The Economist has a good overview of what the Just War tradition has to say on the subject, and how it applies to Israel today. They finish:
In the end, some philosophers think, debate about the ethics of war will have to reintegrate two ancient questions— about the right to go to war, and the methods that may be used— which have become artificially separated in modern times. To put it more simply, nobody will be impressed with a line that goes: “We didn't start this war, so our cause is just—but now that it's begun, we'll fight as dirty as we like.” Augustine saw the questions of jus ad bellum and jus in bello as intertwined—and so, probably, should modern man.The Just War reading of proportionality, which began with Augustine, does have a jus in bello aspect which is not mentioned in the article. It is based on the idea of nationalism, which was once an ideal for whom men held great hopes. Like some advocates of democracy promotion today, advocates of nationalism believed that it could bring an end to war -- or at least lessen it notably.
The idea was that every group of people had a unique take on life, and needed its own space so that it could have laws that accorded with that take. Scots needed to be Scots, not ruled by English laws; the same for the Irish. The same for the Slavs. The same, some argued, for the Jews.

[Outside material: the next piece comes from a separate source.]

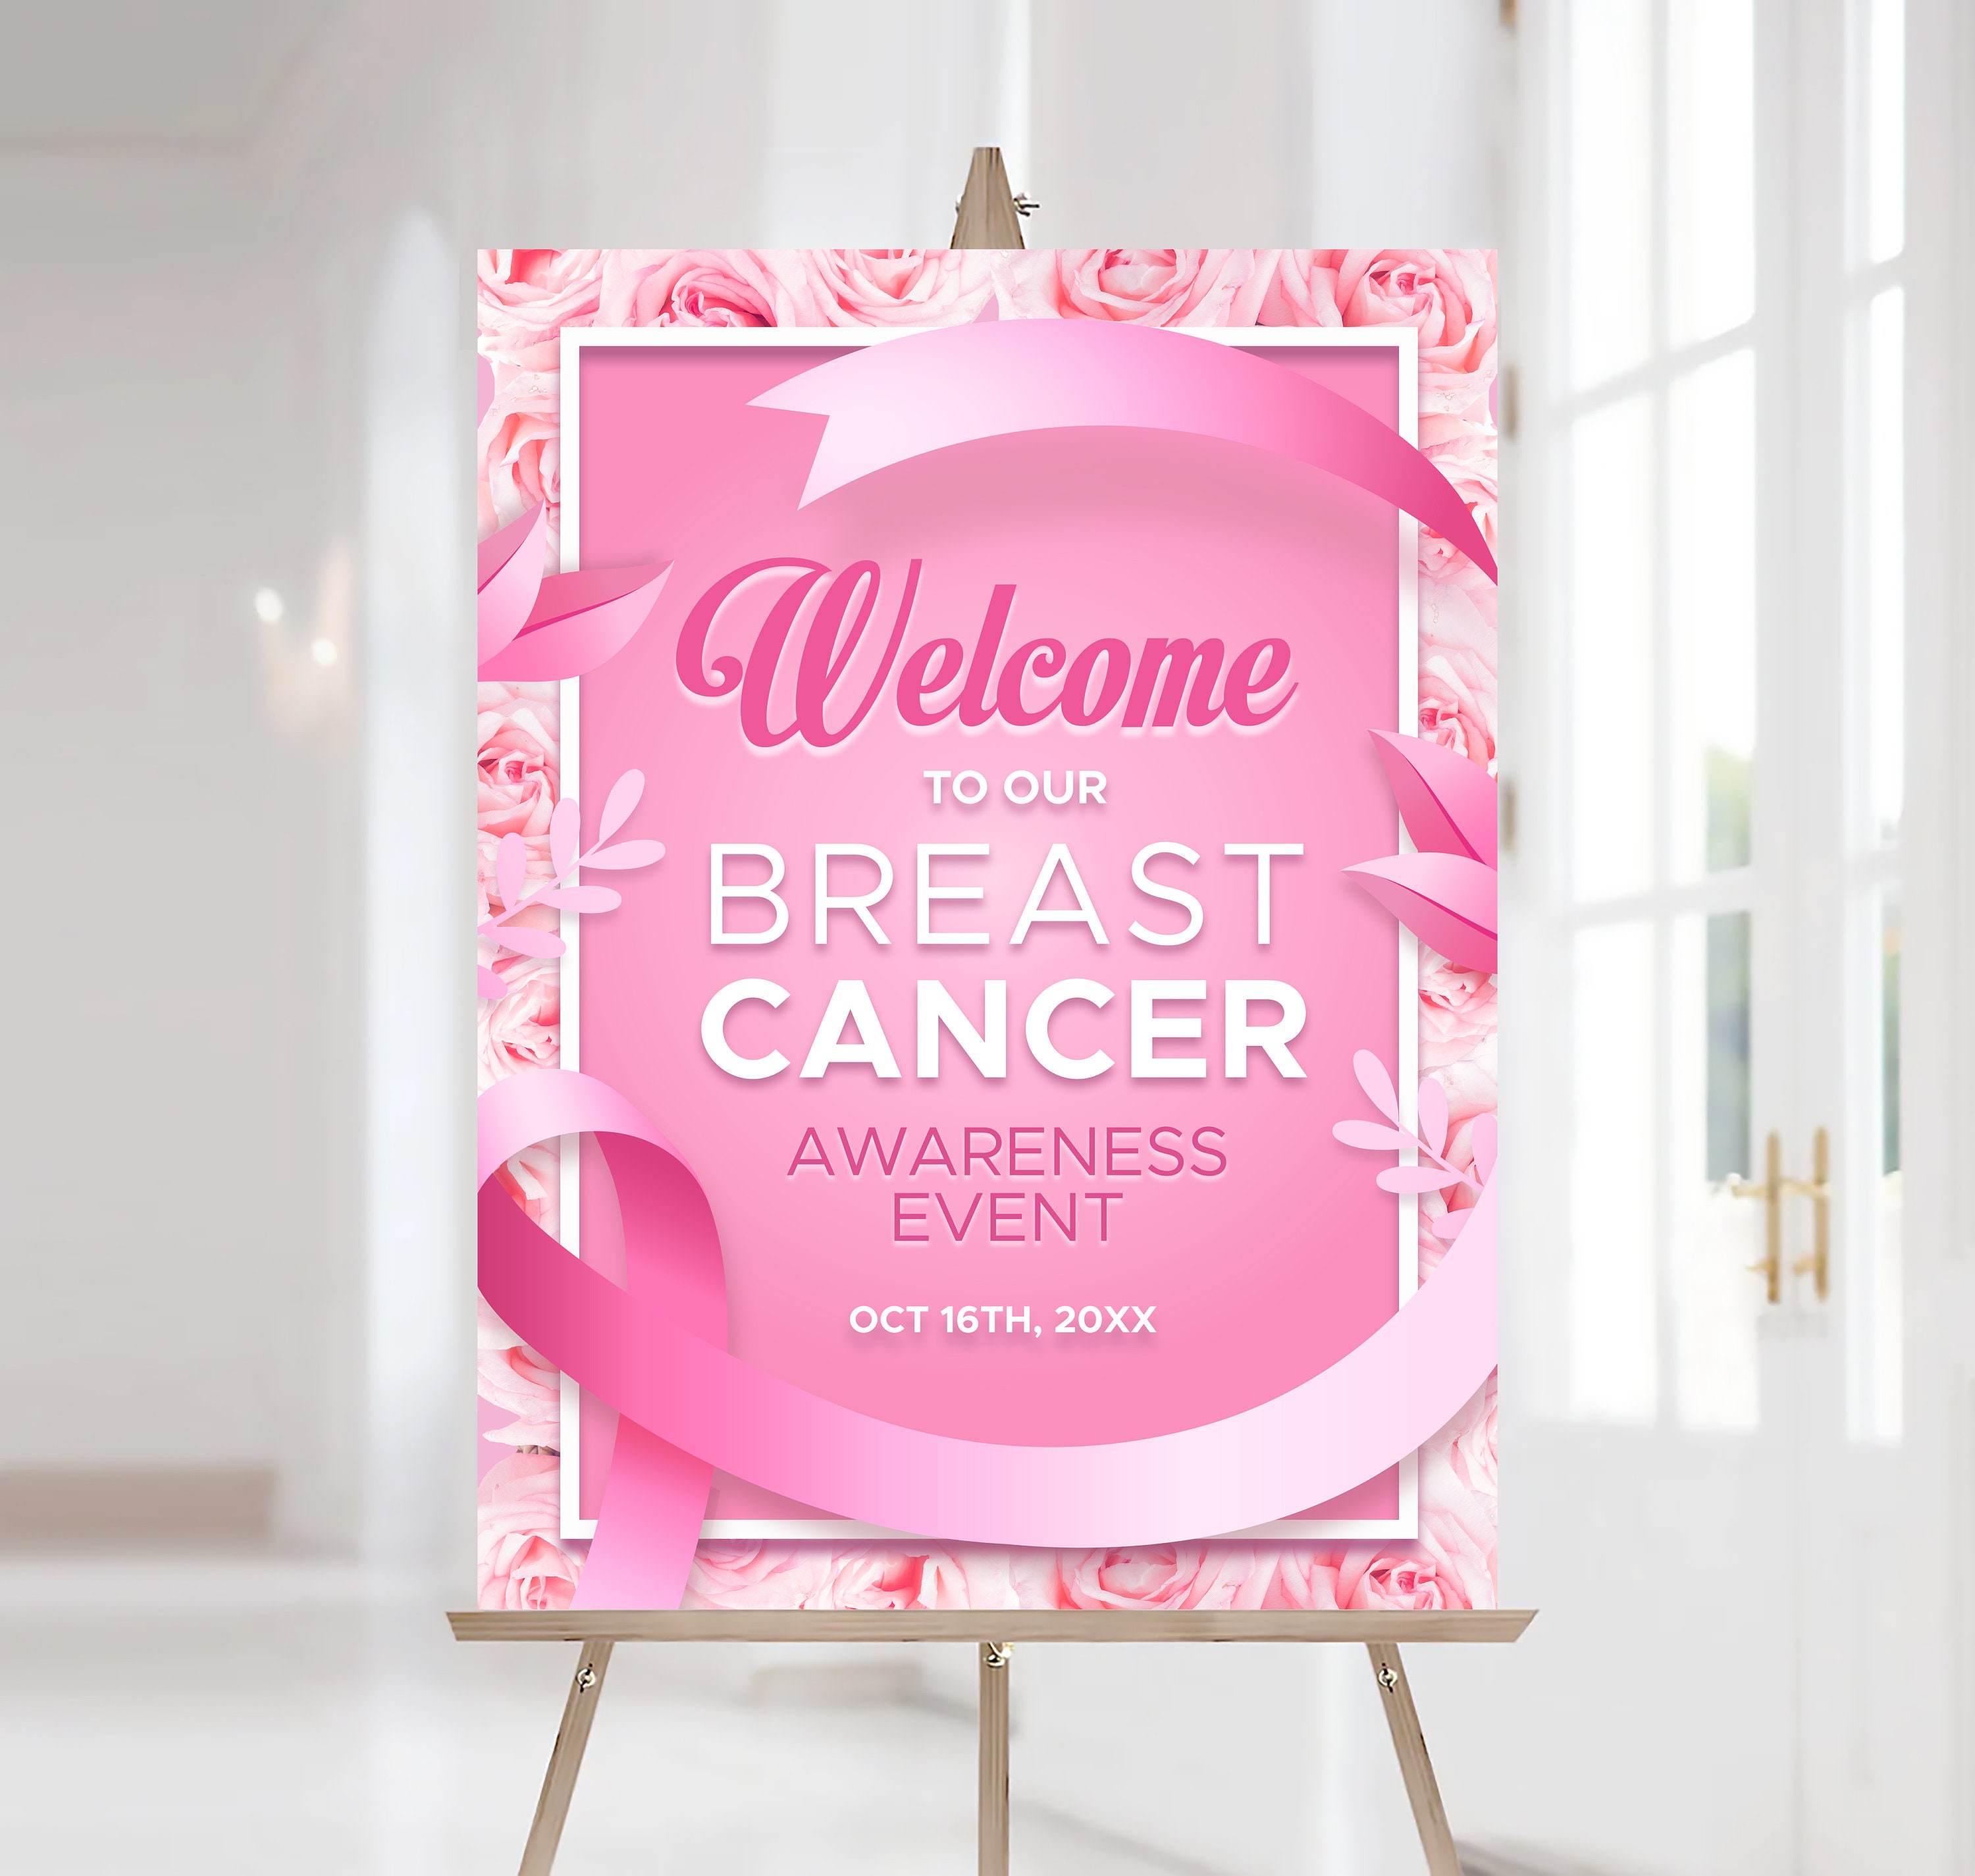 EDITABLE Breast Cancer Fundraiser Welcome Sign Cancer -  Portugal

When such nations came to exist, they were seen as having a real sovereignity: this is, indeed, why we today view the nation-state as the righteous seat of sovereignty. These nations were viewed as arising from natural law, and a hedge against the horrors of war. Should such a state fall and come to be dominated by others, advocates of nationalism believed, war could be the only result: a righteous war for independence.
Insofar as Israel today can demonstrate that it is facing the destruction of its state, it can therefore justify almost any conduct as "proportionate." It's not just a question of whether you get to go to war; it's a question of what you can do in war. If you're fighting to preserve a nation, you can do most anything -- because the international system views the survival of your nation-state as almost the highest good of the system, the best way of ensuring peace.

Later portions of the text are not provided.